Angela Merkel faces German electoral stress test
The German chancellor began an electoral stress test on Sunday, with the first of three state polls when she may suffer a major setback despite a nuclear policy U-turn and military opt-out in Libya.
German chancellor Angela Merkel began an electoral stress test on Sunday, with the first of three state polls when she may suffer a major setback despite a nuclear policy U-turn and military opt-out in Libya.
Voters in the eastern state of Saxony-Anhalt get the first chance to pass judgment on Merkel's Christian Democrats (CDU) since they suffered a humiliating defeat in Hamburg last month.
Their verdict, due after 6pm (1700 GMT) on Sunday, is followed next weekend by two more elections including in Baden-Wuerttemberg, a conservative stronghold which the CDU risks losing for the first time in over 60 years as support for the anti-nuclear Greens climbs due to the Japanese crisis.
Provincial elections matter in decentralised Germany, where electoral success or failure in the states can influence the fate of federal leaders, and Merkel is exposed.
In the past week she has taken two major policy decisions which should, on the face of it, prove popular with voters.
First she suspended her unpopular nuclear policy and ordered the closure of seven ageing reactors, responding to the risk of a meltdown at Japan's Fukushima plant.
Then Merkel declared German forces would take no direct part in military strikes on Libya.

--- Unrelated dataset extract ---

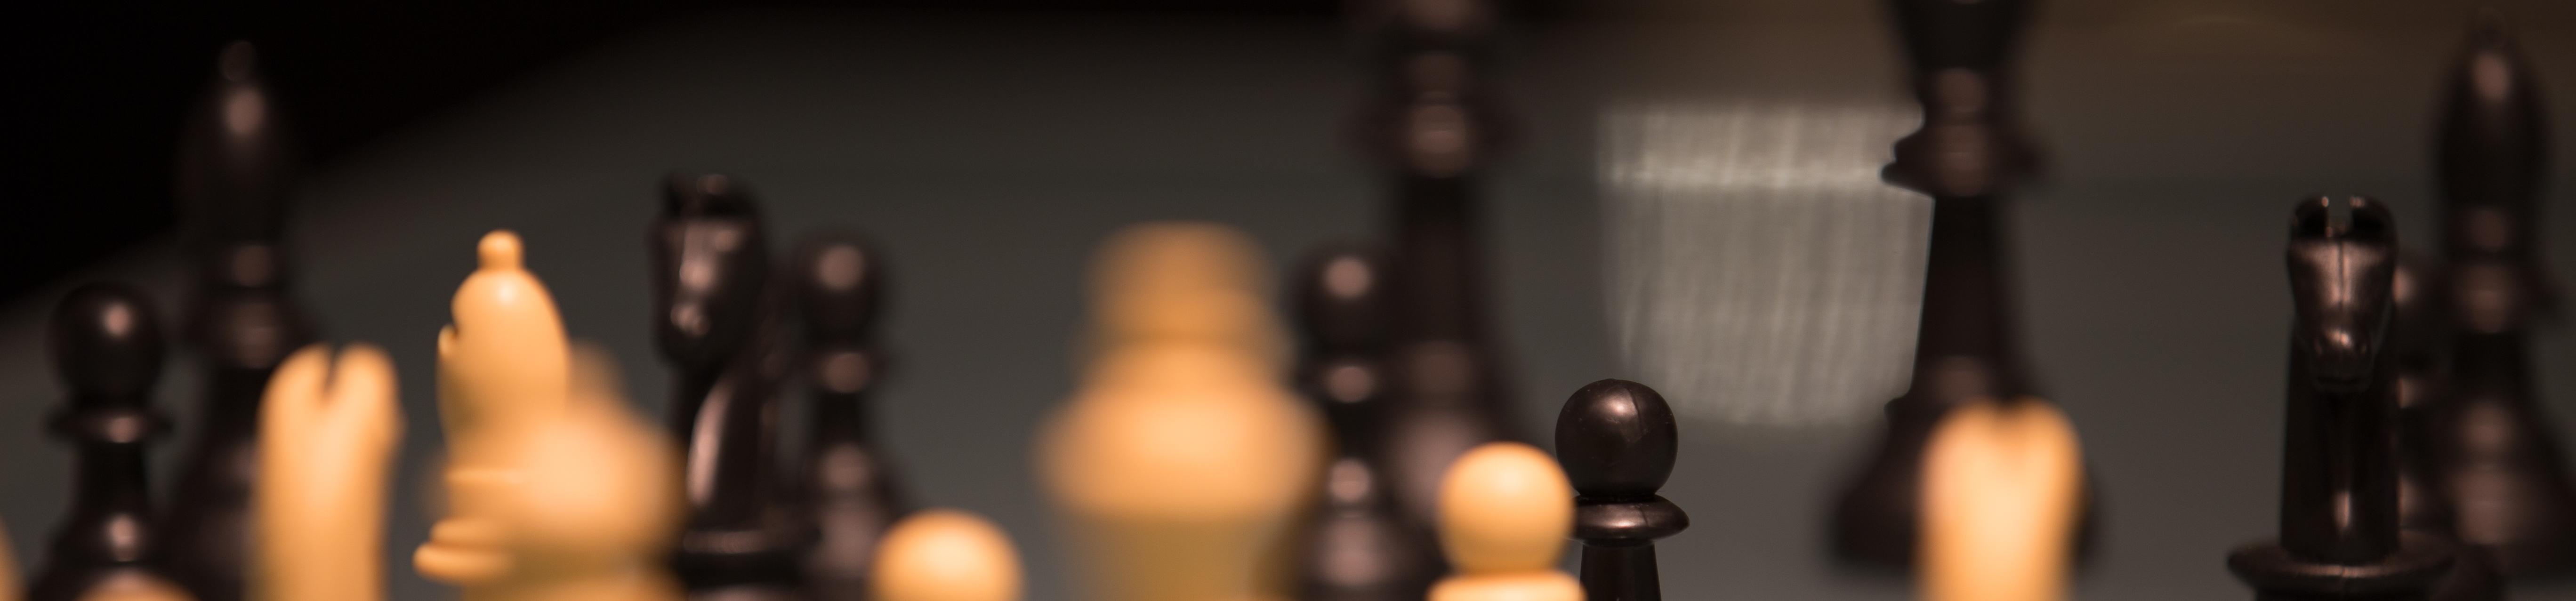 Schachfiguren-2

That should have pleased German voters who are usually hostile to foreign military adventures.
But she drew criticism for breaking ranks with NATO allies, and lining up with China and Russia to abstain from the UN Security Council resolution authorising the action.

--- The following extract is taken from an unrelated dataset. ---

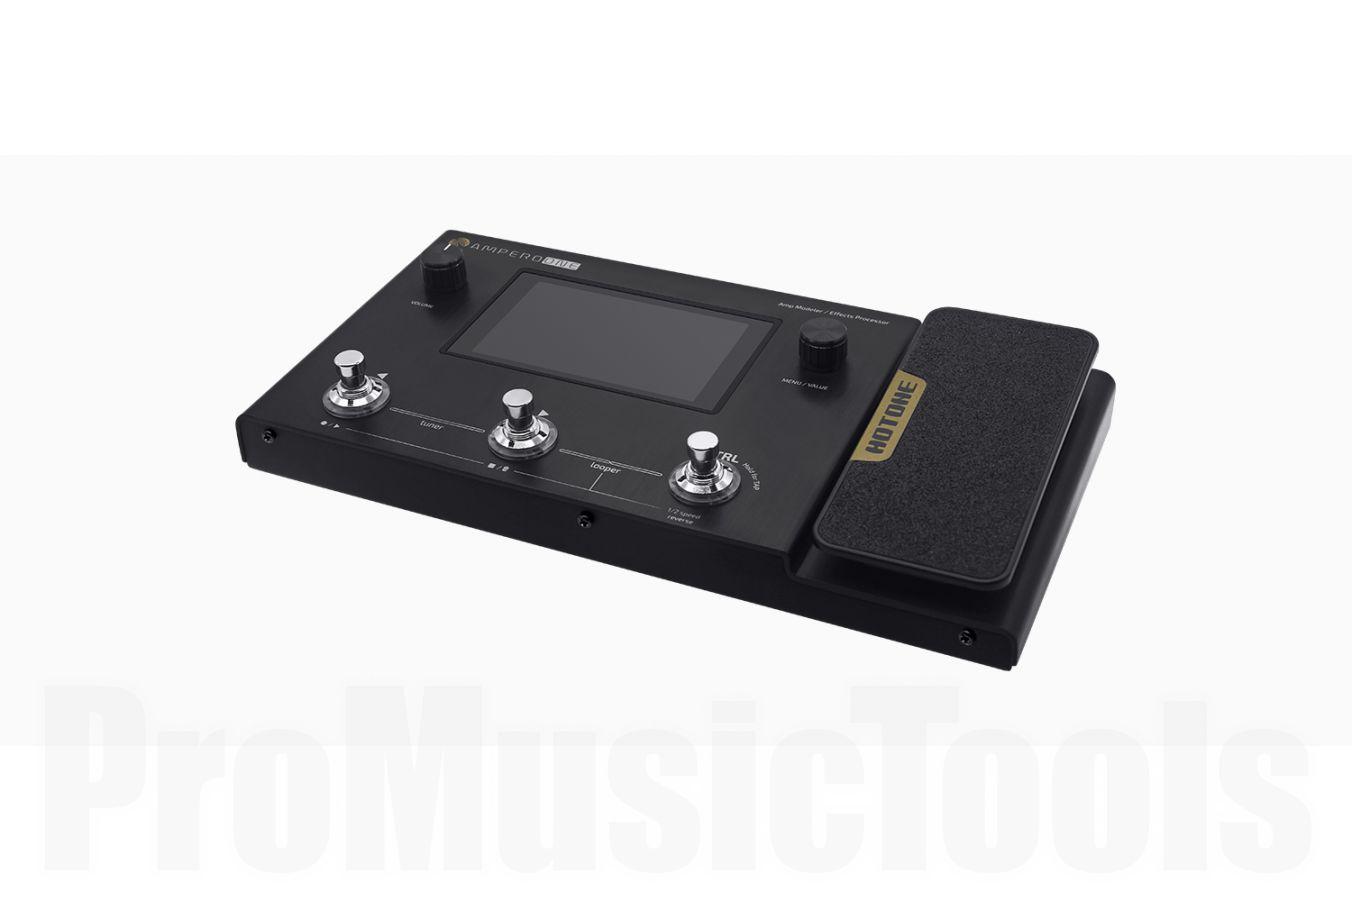 Hotone MP-80 Ampero One

"The impression that Germany is isolated in Europe or the international community is completely wrong," said foreign minister Guido Westerwelle, saying Poland shared its views.

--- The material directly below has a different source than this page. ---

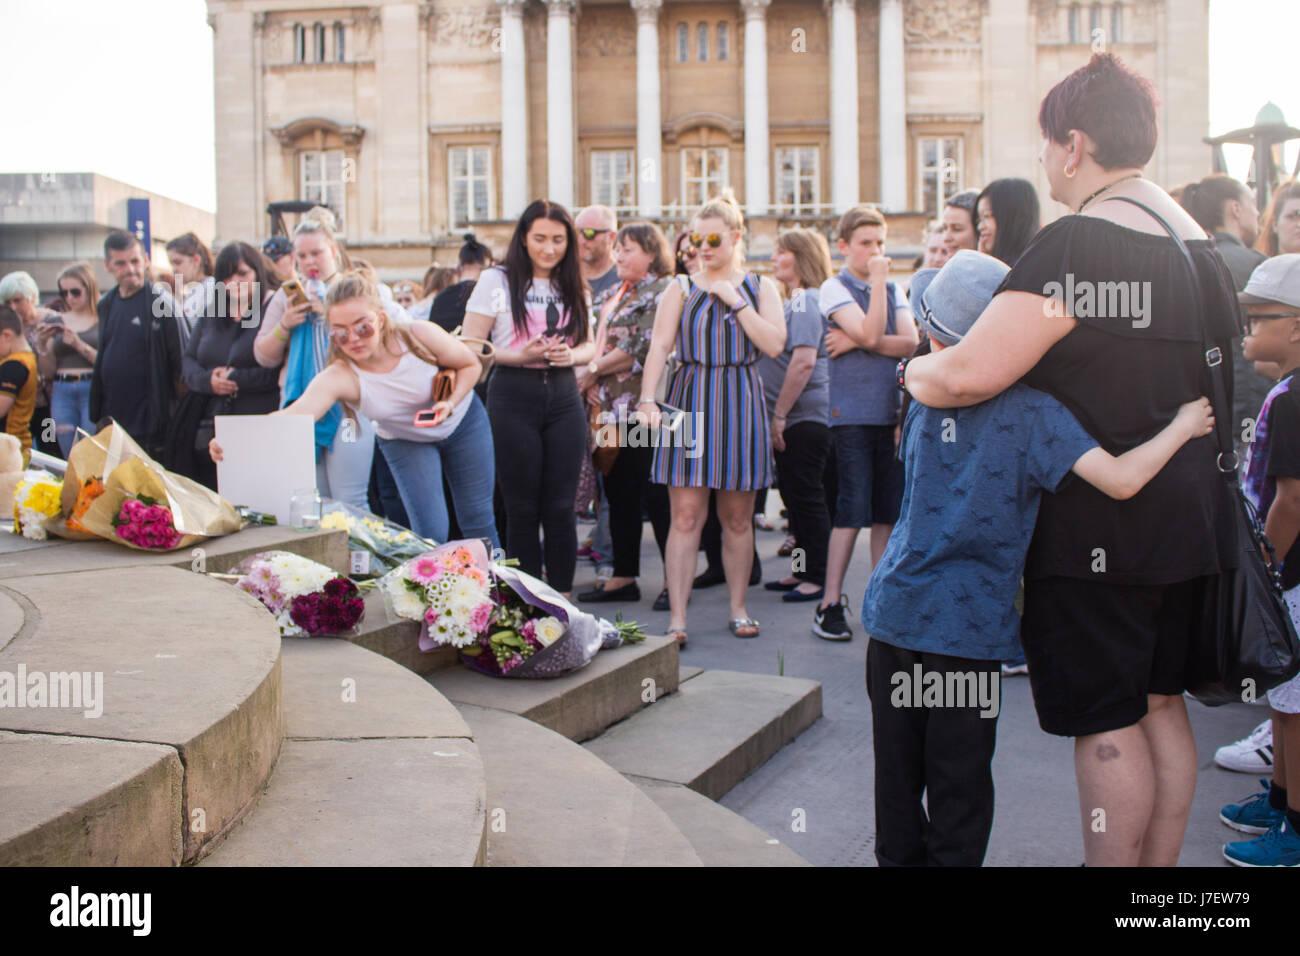 Kingston Upon Hull, le 24 mai 2017, une veillée est organisée pour les victimes de l'attaque terroriste Photo Stock

Merkel is struggling in the provinces. A poll published by Focus magazine on Sunday showed the Greens at 25% in Baden-Wuerttemberg, up five percentage points in the past week. That put combined support for the Greens and their natural coalition partner, the Social Democrats, at 47%.
By contrast the CDU and the liberal Free Democrats, its coalition partner in both the state and federal governments, had only 44% support in the poll by the Emnid institute.
Loss of the state, an economic powerhouse, would deliver a heavy blow to Merkel's authority. Defeat would also further weaken the coalition in the upper house of Parliament, whose makeup reflects parties' strength in the states.
Sunday's vote in Saxony-Anhalt, whose economy suffered after communist East Germany collapsed in 1990, poses other problems.
There the CDU shares power with the Social Democrats. Voters in the state, which has unemployment of 13%, appear more interested in basic issues -- if they are interested at all.
Turnout when Saxony-Anhalt last voted in 2006 was just 44%. This time the CDU and Social Democrats have scarcely criticised each other, drawing allegations of a "cosy campaign".
Apathy has raised the chances of the far-right NPD party crossing the five percent threshold to enter the state assembly.
Merkel has already called for a high turnout to keep the NPD out. On Sunday she was joined at the other end of the political spectrum by Wulf Gallert, candidate of the Left party and a former member of the east German communist party.
"We know the NPD's supporters won't hold back in voting," he told Reuters TV. "What's decisive is how many democrats turn out to keep the NPD out."
If the CDU falters, Gallert could even end up in power with the Social Democrats in a "red-red" coalition.
"My aim is to become state premier," he said.